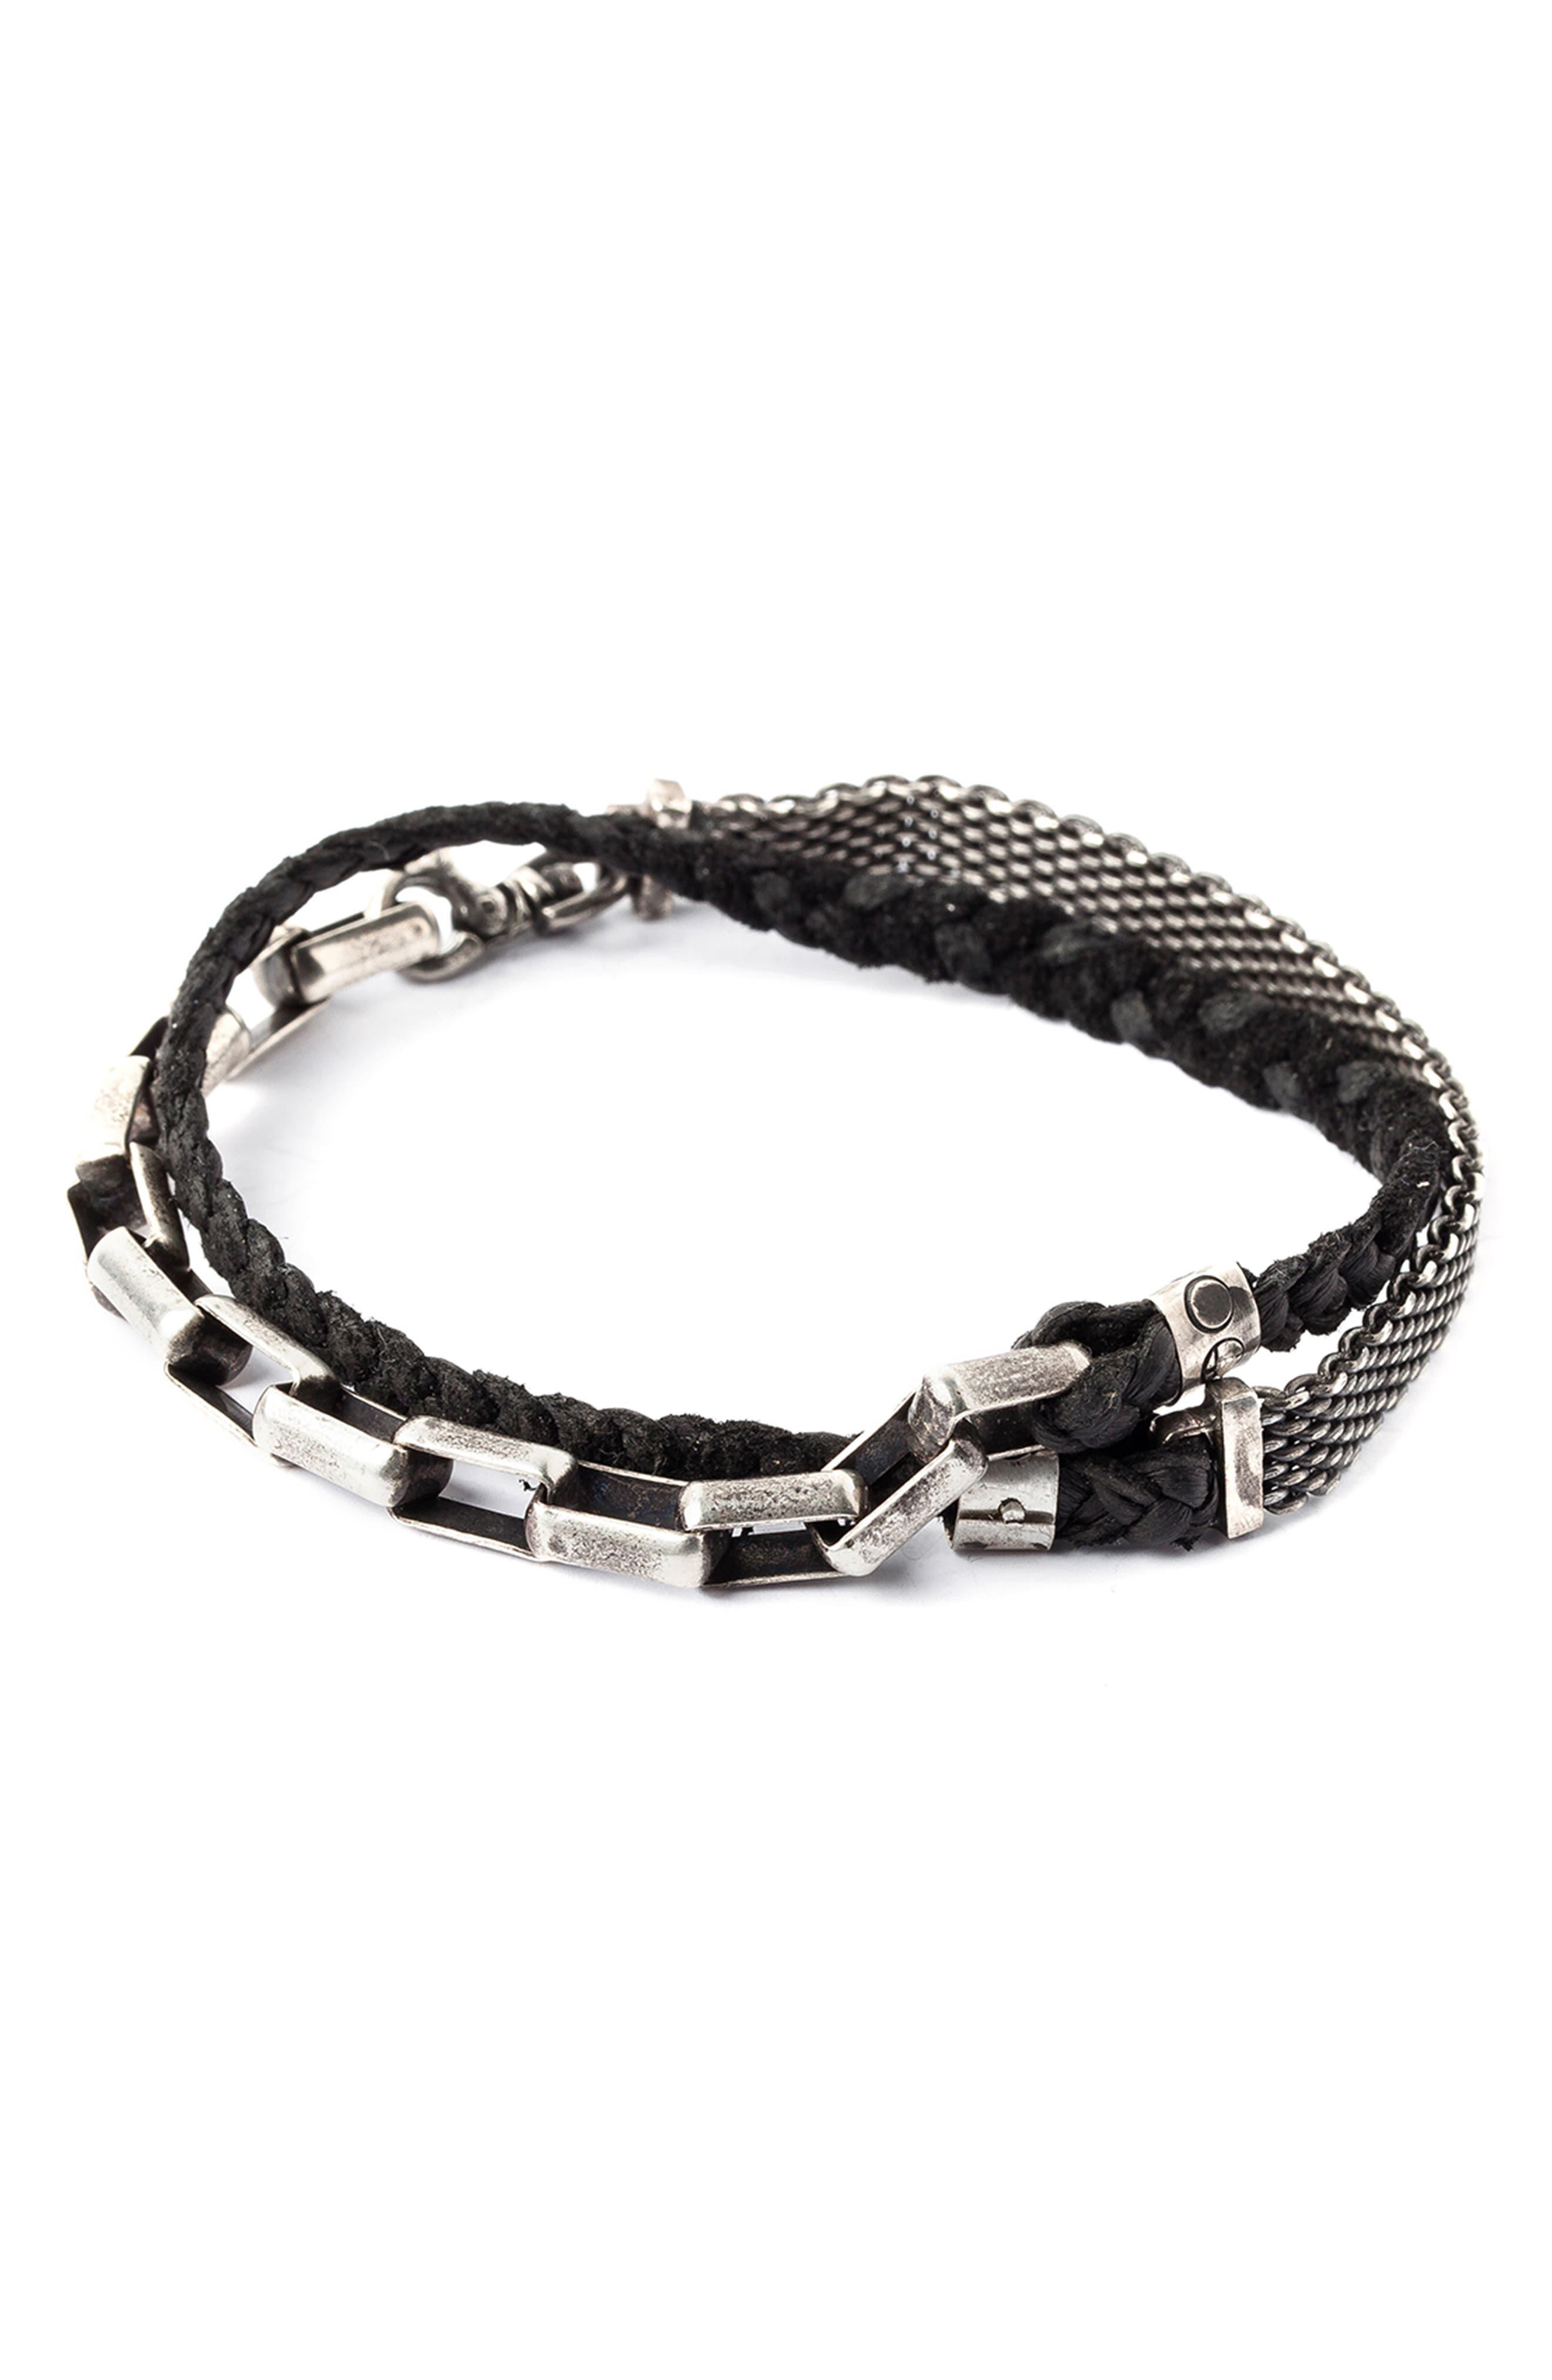 TITLE OF WORK Leather & Sterling Silver Wrap Bracelet in Silver/ Black
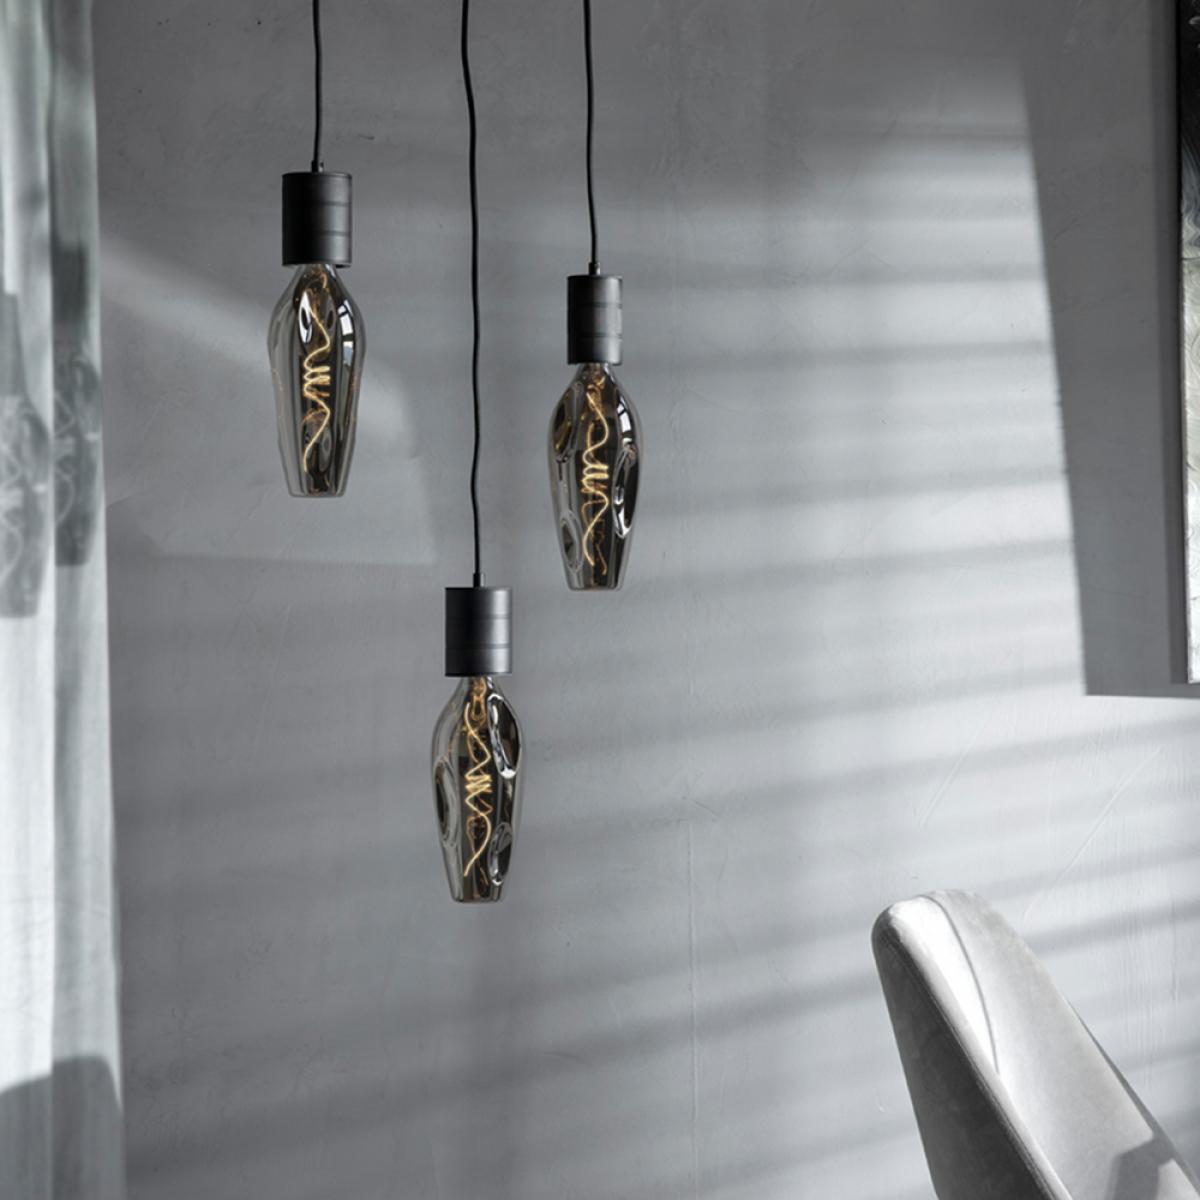 XXL Design LED Glühbirne Barcelona- Stilvolle und dimmbare Lampe
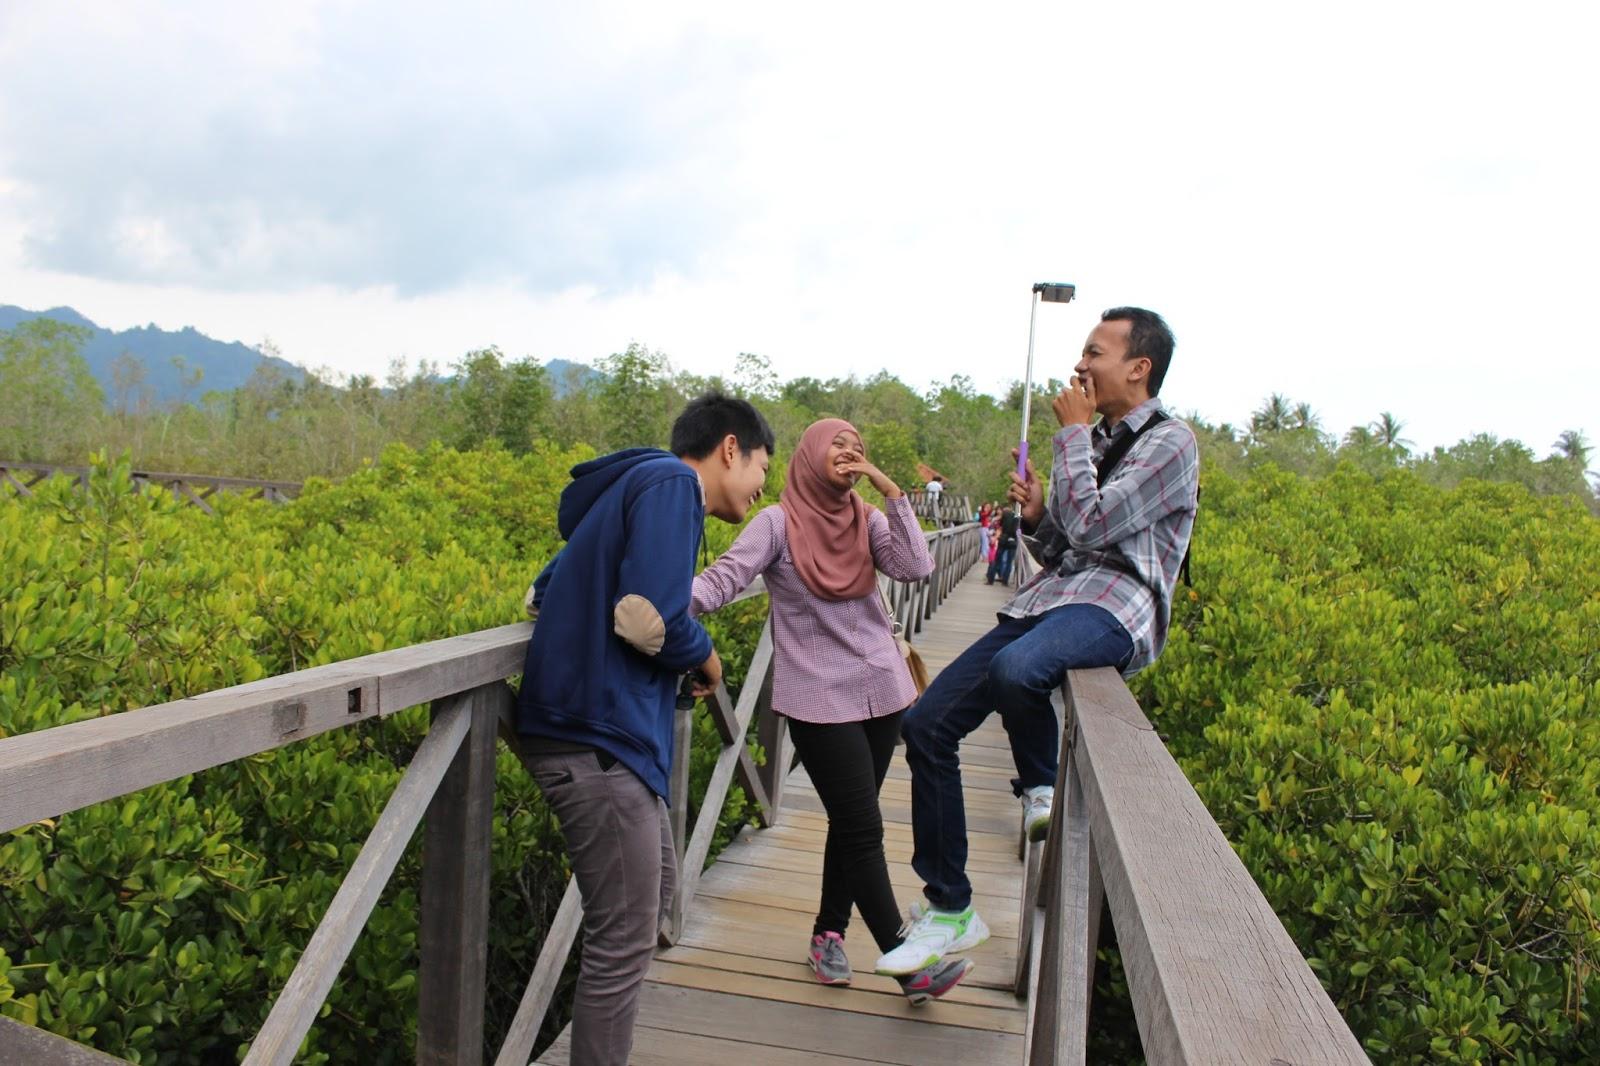 Hutan Mangrove Jembatan Galau Adventure Power Pancer Cengkrong Kab Trenggalek
····················
◆ **Exercise**
Leaving the pictures out, print every line of the listing exactly.

◆ **Answer box**
 TITLE OF WORK Leather & Sterling Silver Wrap Bracelet in Silver/ Black
 XXL Design LED Glühbirne Barcelona- Stilvolle und dimmbare Lampe
 Hutan Mangrove Jembatan Galau Adventure Power Pancer Cengkrong Kab Trenggalek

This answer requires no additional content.